Ich selbst hatte auch einige Werbemittel mitgenommen, 75 Ding-Flyer, 50 Mini-Ding-Flyer und 200 ,mal einen Old Slayerhand-TwoPage, die gingen gut weg und auch der Uhrwerkverlag bekam einen kleinen Packen – wer sich eines ausdrucken mag, hab ich dem Artikel angehängt. Im Gesamt-Winter-OPC-Paket ist das Abenteuer selbstverständlich auch drin, aber eben nicht die Vorderseite. Kurzum, ich bin gespannt, ob es auf dem nächsten Ding dem Gratisding, einige neue Gesichter gibt.

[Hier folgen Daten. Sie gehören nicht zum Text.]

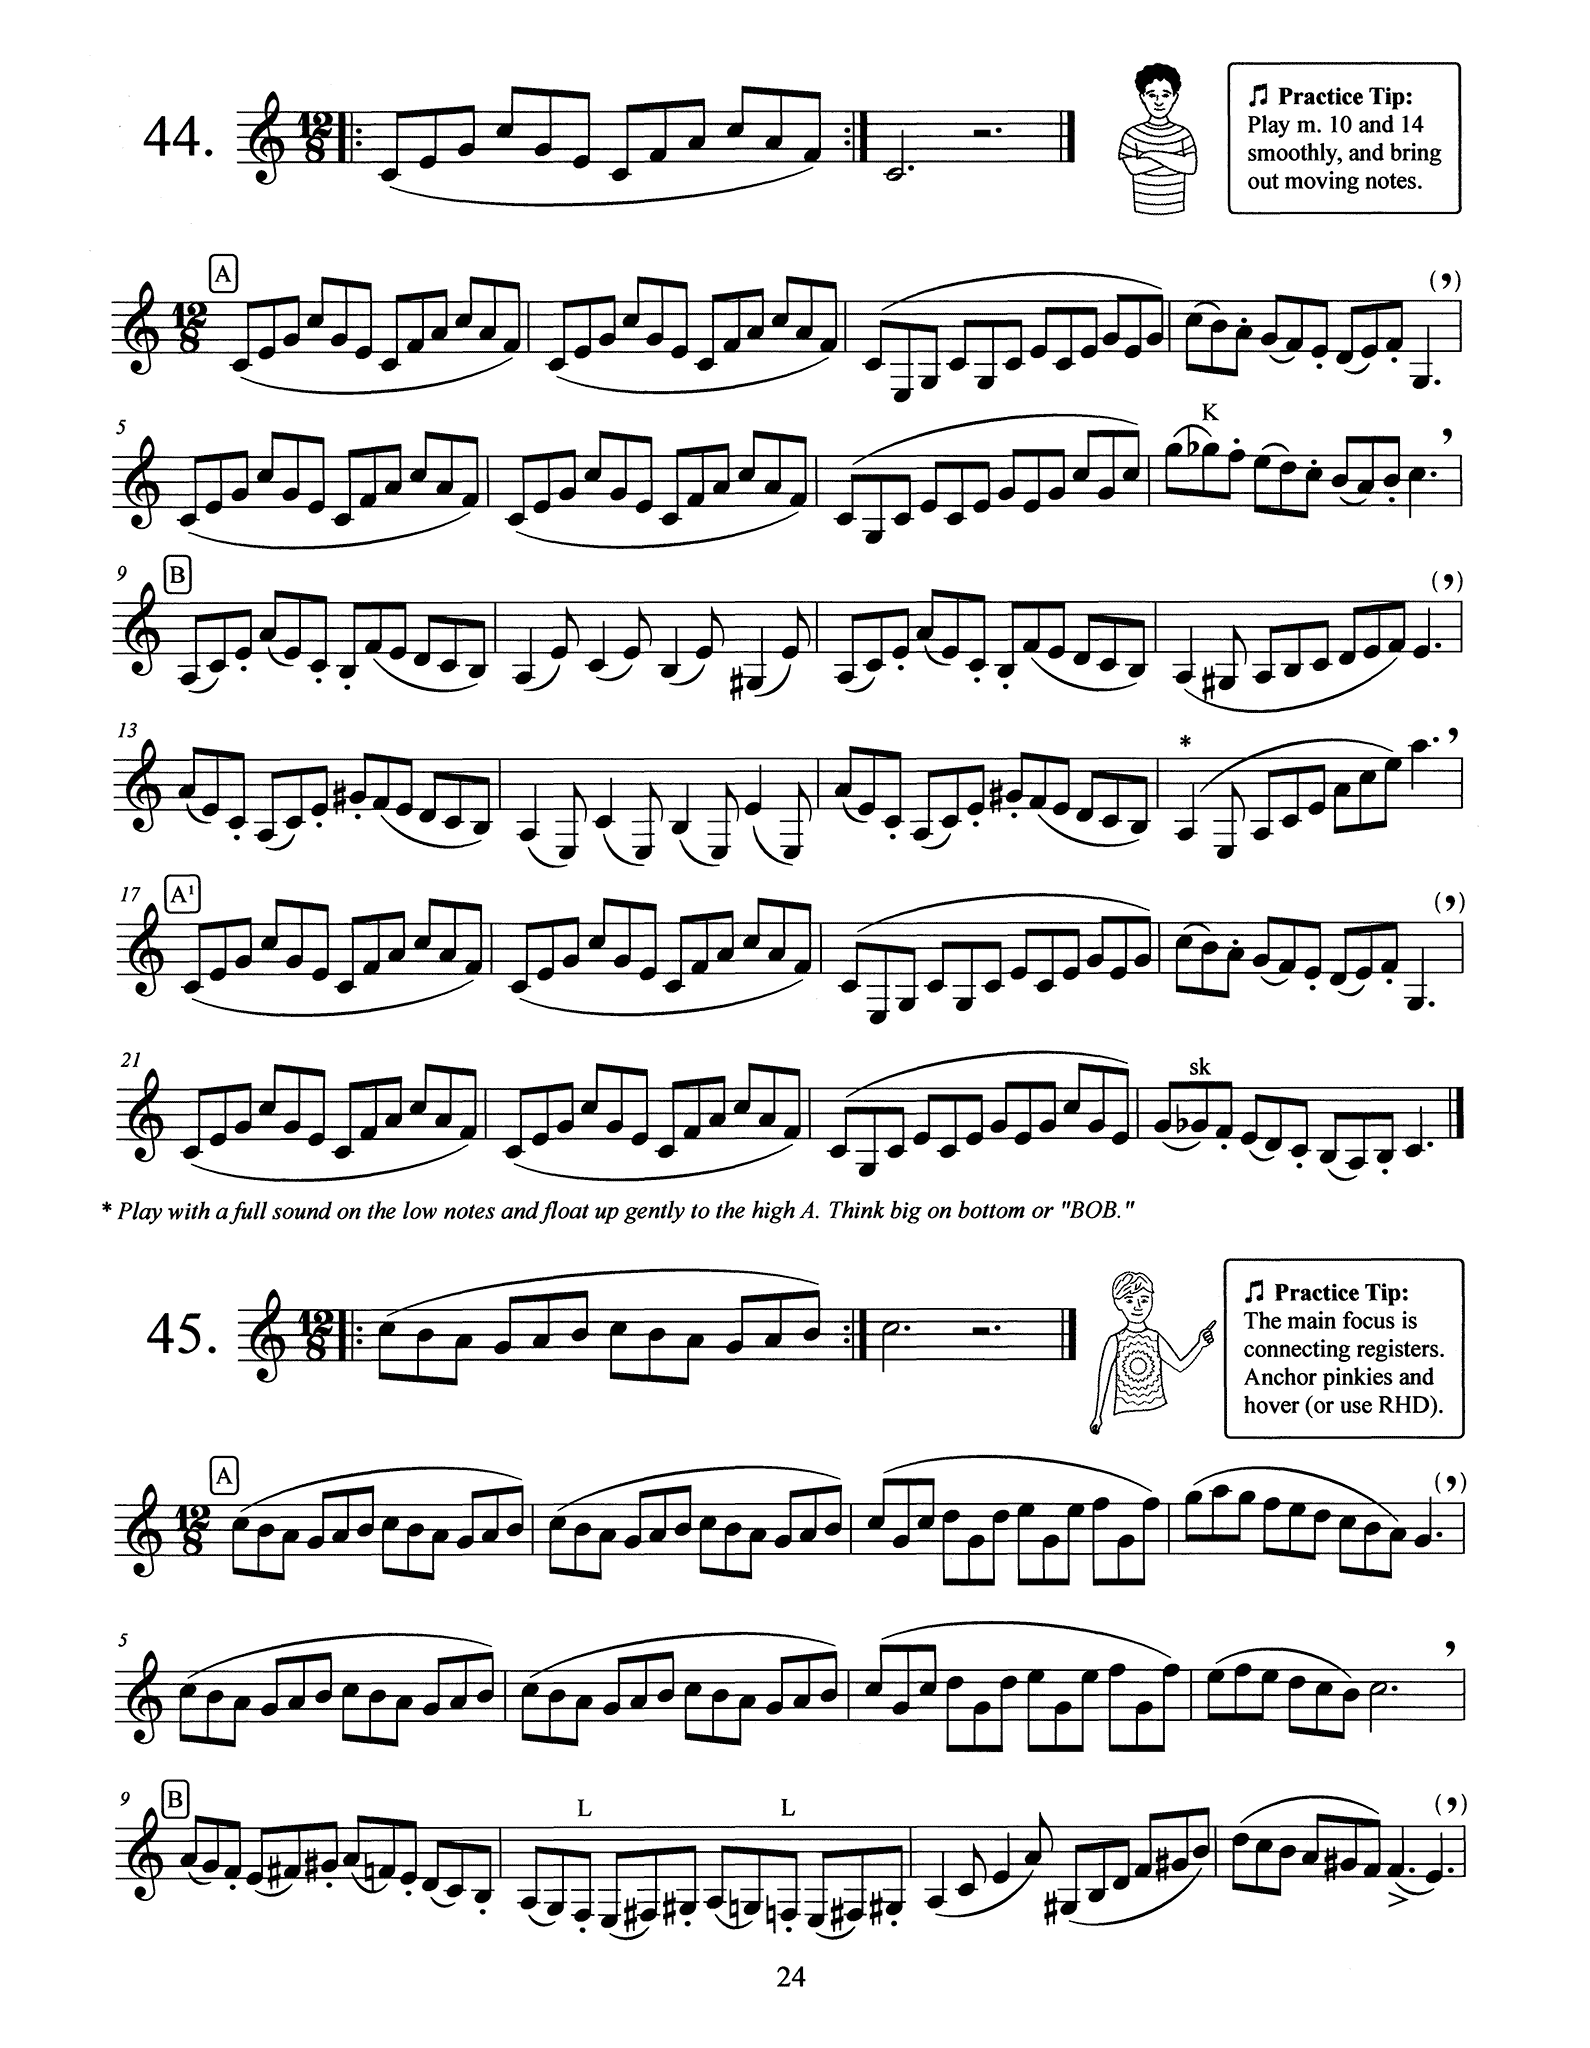 Denny-Chambers Finger Fitness Foundations clarinet etudes page 24

So, kommen wir zum spielen – eigentlich sollte es ja Pathfinder Society werden, aber unser SL war erkrankt (Gute Besserung!) und bei Dragon Age war noch was frei. Überraschenderweise war der SL ein alter Bekannter aus Tagen des Greifenklaue-Treffs auf Haus Wetterstein, ein anderer will aufs dortige (Einladungs-) DSA-LARP und der dritte kannte mich noch von einem Schreib-Workshop auf dem Con Leo vor gut 15 Jahren … Wie klein die Welt doch ist. Das musste ich dann auch beim Abenteuer feststellen… Das hatte ich vor zwei Jahren schonmal gespielt, was aber nicht so schlimm war, da mein Charakter nach der ersten Szene in eine Schlucht fiel und der Rauskletterversuch beinahe tödlich endete… Was das System gut kann sind die tollen Stunts, eine Art Crits, bloß wesentlich häufiger, bzw. Kampfmanöver. Man kann Gegner wegschubsen, die Rüstung durchstechen oder einen zweiten Gegner treffen. Etwa jeder dritte Treffer hat die Chance ein paar Stuntpunkte zu bekommen und dann etwas auszuwählen, wobei je mehrt Punkte, desto mehr und/oder heftigere Effekte. Wer es sich mal auf Deutsch anschauen mag, hat beim Zomhierollenspiel Welcome to Louisana eine gute Gelegenheit. Ganz kurz erklärt: 3w6, einer davon (andersfarbig) ist der Dragon die. Würfelt man zweimal die selbe Augenzahl, gibt der Dragon die die Anzahl der Stunt-Punkte wieder.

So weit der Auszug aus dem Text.